A proven ETL tool optimised for working with complex structured data, such as XML, relational databases, or a wide range of tabular formats. It supports all required procedures for semantic and structural transformation. It can also handle reprojection. While Hale Studio exists as a multi-platform interactive application, its capabilities can be provided through a web service with an OpenAPI.

User Manual

A comprehensive tutorial video on soil data harmonisation with hale studio can be found here.

Setting up a transformation process in hale»connect

Complete the following steps to set up soil data transformation, validation and publication processes:

  1. Log into hale»connect.
  2. Create a new transformation project (or upload it).
  3. Specify source and target schemas.
  4. Create a theme (this is a process that describes what should happen with the data).
  5. Add a new transformation configuration. Note: Metadata generation can be configured in this step.
  6. A validation process can be set up to check against conformance classes.
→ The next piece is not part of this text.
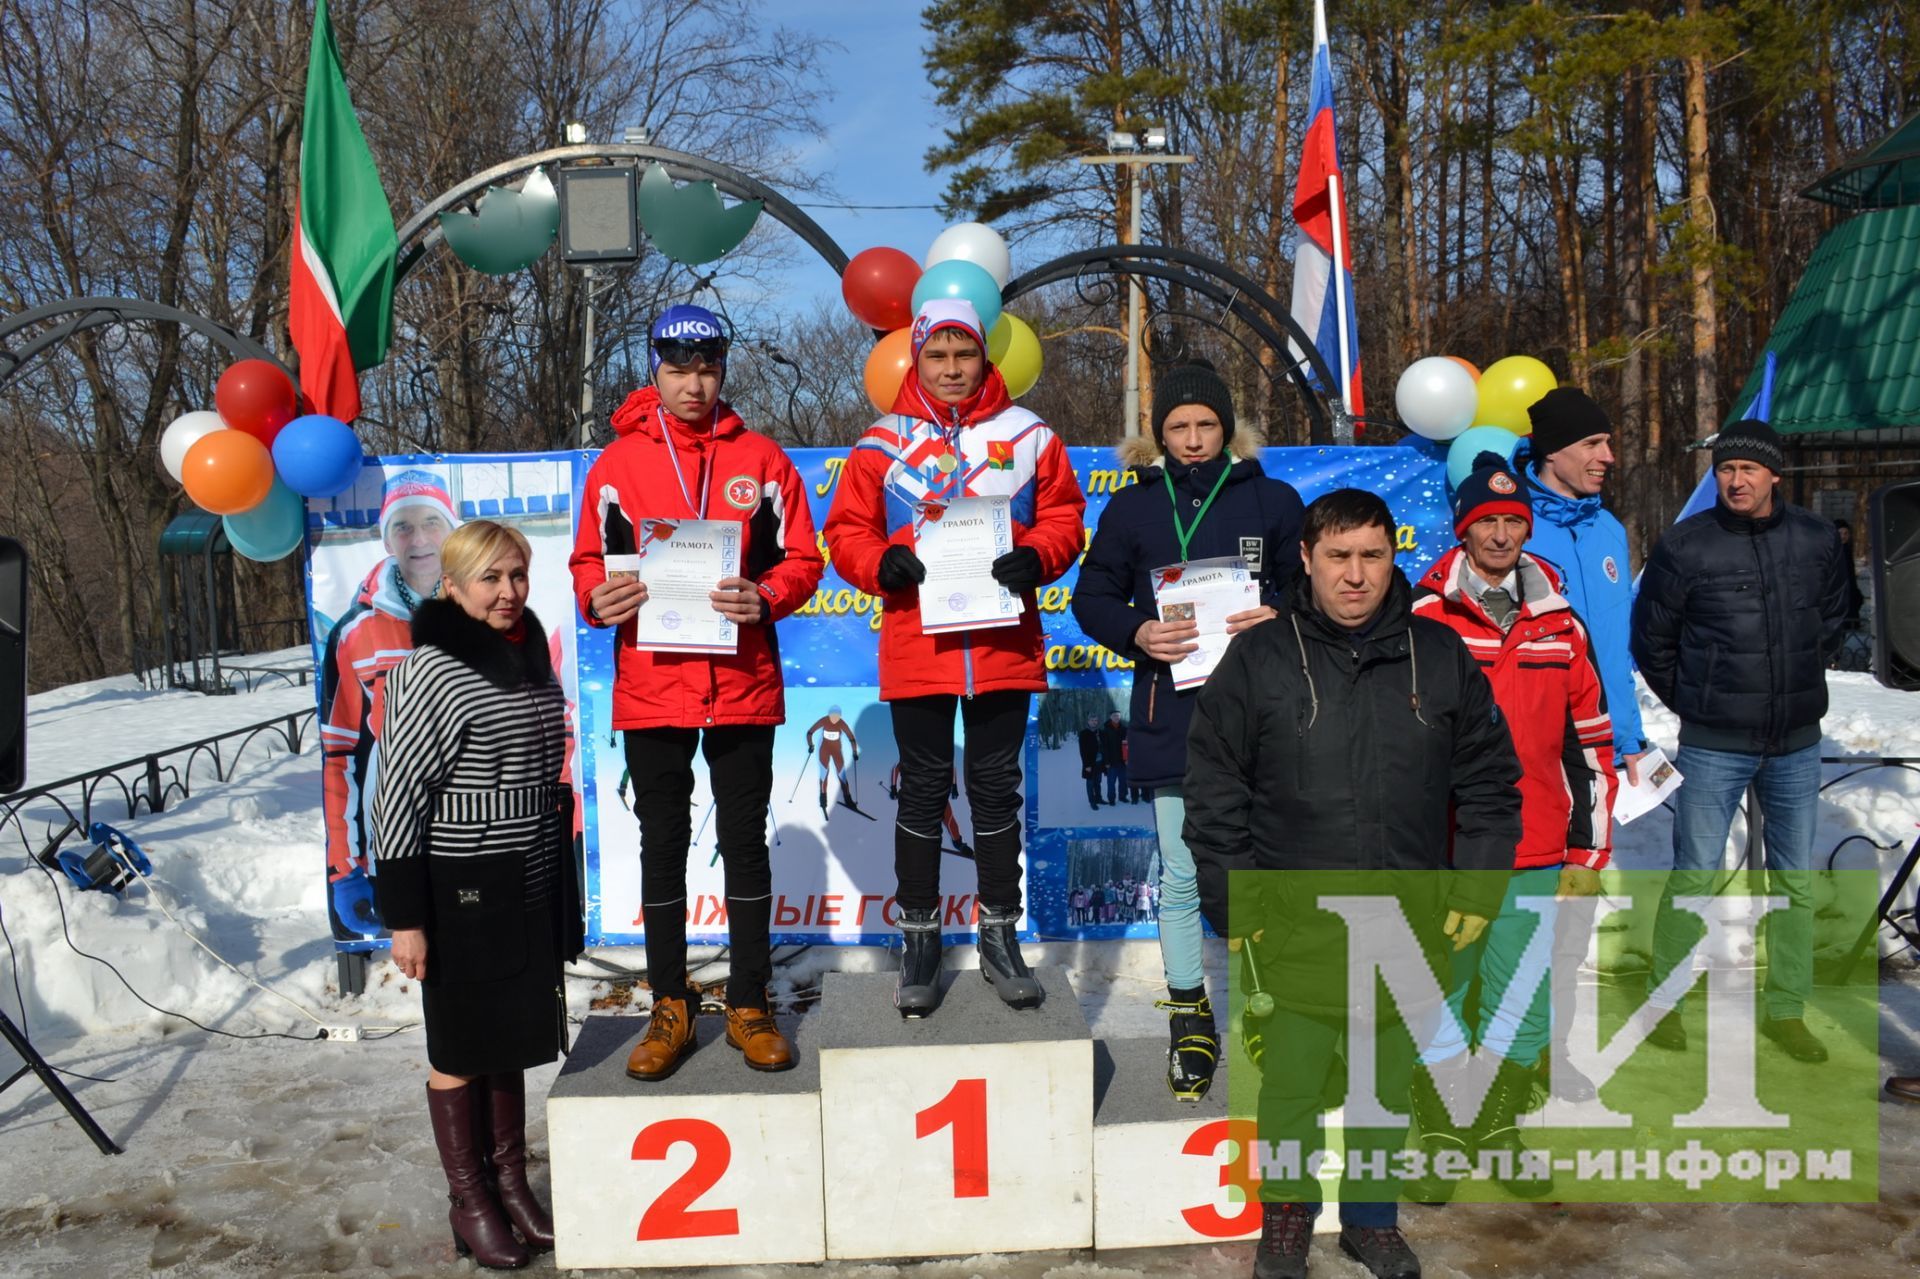 Сармановцы приняли участие в лыжных гонках

Executing a transformation process

  1. Create a new dataset and select the theme of the current source data, and provide the source data file.
  2. Execute the transformation process. ETF validation processes are also performed. If successful, a target dataset and the validation reports will be created.
  3. View and download services will be created if required.

To create metadata (data set and service metadata), activate the corresponding button(s) when setting up the theme for the transformation process.